HTML is a coding language used worldwide It was made by Tim Berners-Lee in 1993 it was the first version of it was made by him Tim Berners-Lee also invented the World wide web.

HTML is also the standard markup language for documents made to be displayed in a web browser. It can be supported by technologies such as CSS and scripting languages, for example, JavaScript.

Web browsers receive HTML documents from a web server or from local storage and render the documents into multimedia web pages. HTML explained the structure of a web page semantically and originally included hints for the look of the document.

HTML elements are the thing that made up it without them HTML code will display a blank page. The key elements of HTML are the ones most commonly used by developers.

Where do we use it?

There are many places where it's specified to code HTML Like Codepen, JsFiddle, and Glitch. We commonly see it in Google dev tools or inspect the inspect brings up a who bunch of HTML that was used to make the webpage.

The HTML in the browser Dev Tools is not exactly the code used to make the website unless HTML was used to make the website.

More info

image source Wikiapidia.com

HTML can embed programs written in a scripting language such as JavaScript, which affects the behavior and content of web pages. CSS can also be paired with HMTL.

History

In 1980, physicist Tim Berners-Lee, a contractor at CERN, proposed and prototyped ENQUIRE, a system for CERN researchers to use and share documents. In 1989, Berners-Lee wrote a memo proposing an Internet-based hypertext system. Berners-Lee specified HTML and wrote the browser and server software in late 1990. That year, Berners-Lee and CERN data systems engineer Robert Cailliau collaborated on a joint request for funding, but the project was not formally adopted by CERN. In his personal notes from 1990, he listed "some of the many areas in which hypertext is used" and put an encyclopedia first.

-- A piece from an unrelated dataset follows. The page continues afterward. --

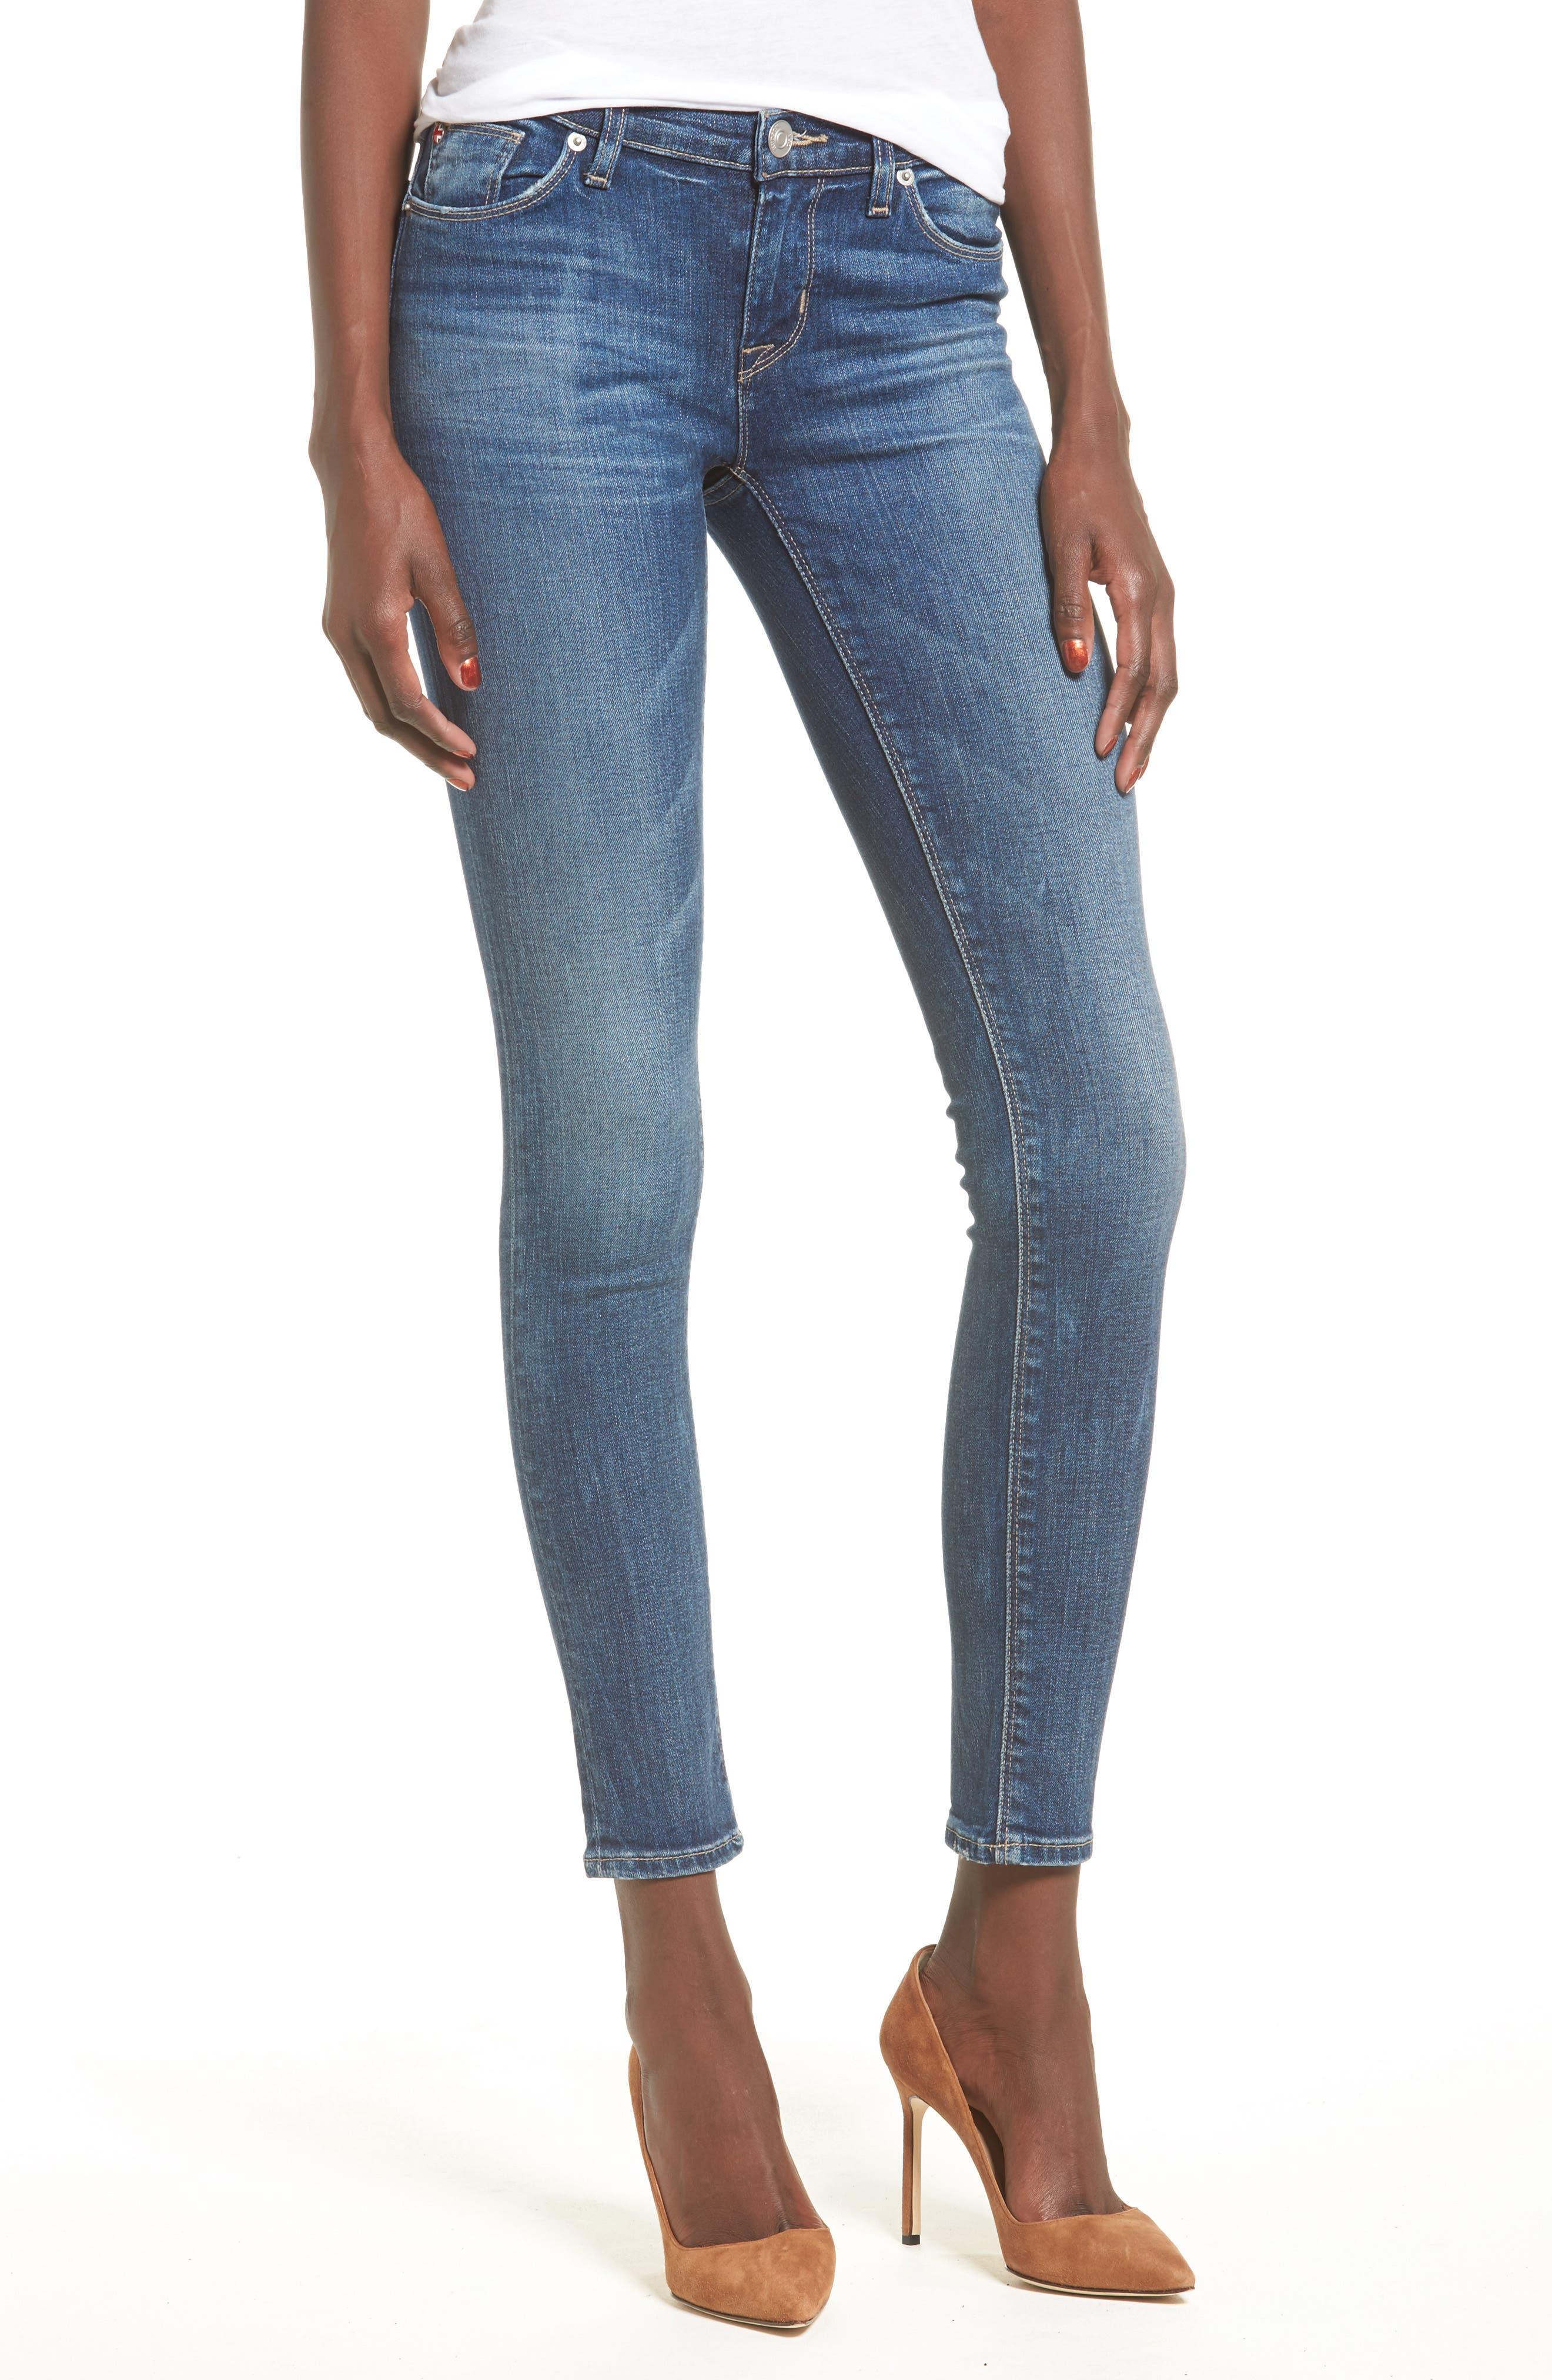 Alternate Image 1 Selected - Hudson Jeans 'Krista' Super Skinny Jeans (Solo)
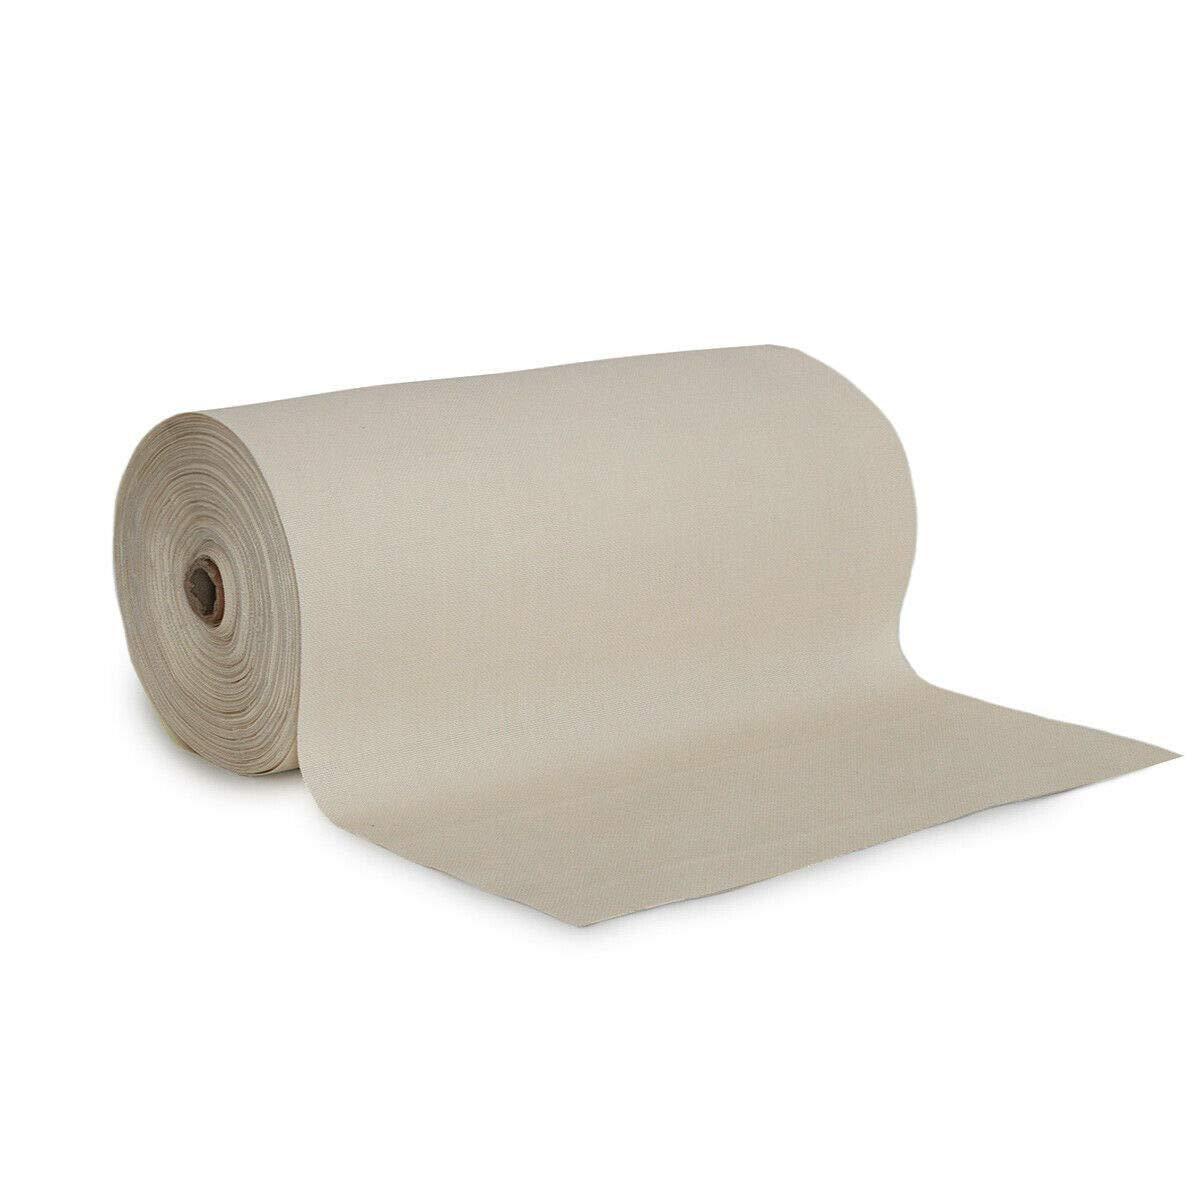 Tela in textilene per Sdraio e Lettino larghezze Varie S798 60 cm Beige

The first openly available description of HTML was a document called HTML Tags, first mentioned on the Internet by Tim Berners-Lee in late 1991. It describes 18 elements comprising the initial, relatively simple design of HTML. Except for the hyperlink tag, these were strongly influenced by SGMLguid, an in-house Standard Generalized Markup Language (SGML)-based documentation format at CERN. Eleven of these elements still exist in HTML 4.

HTML is a markup language that web browsers use to interpret and compose text, images, and other material into visual or audible web pages. Default characteristics for every item of HTML markup are defined in the browser, and these characteristics can be altered or enhanced by the web page designer's additional use of CSS. Many of the text elements are found in the 1988 ISO technical report TR 9537 Techniques for using SGML, which in turn covers the features of early text formatting languages such as that used by the RUNOFF command developed in the early 1960s for the CTSS (Compatible Time-Sharing System) operating system: these formatting commands were derived from the commands used by typesetters to manually format documents. However, the SGML concept of generalized markup is based on elements (nested annotated ranges with attributes) rather than merely print effects, with also the separation of structure and markup; HTML has been progressively moved in this direction with CSS.

Quotes

Tim Berners-Lee/Quotes

You affect the world by what you browse.

Anyone who has lost track of time when using a computer knows the propensity to dream, the urge to make dreams come true and the tendency to miss lunch.

The Web as I envisaged it, we have not seen it yet. The future is still so much bigger than the past.

The Web is now philosophical engineering. Physics and the Web are both about the relationship between the small and the large.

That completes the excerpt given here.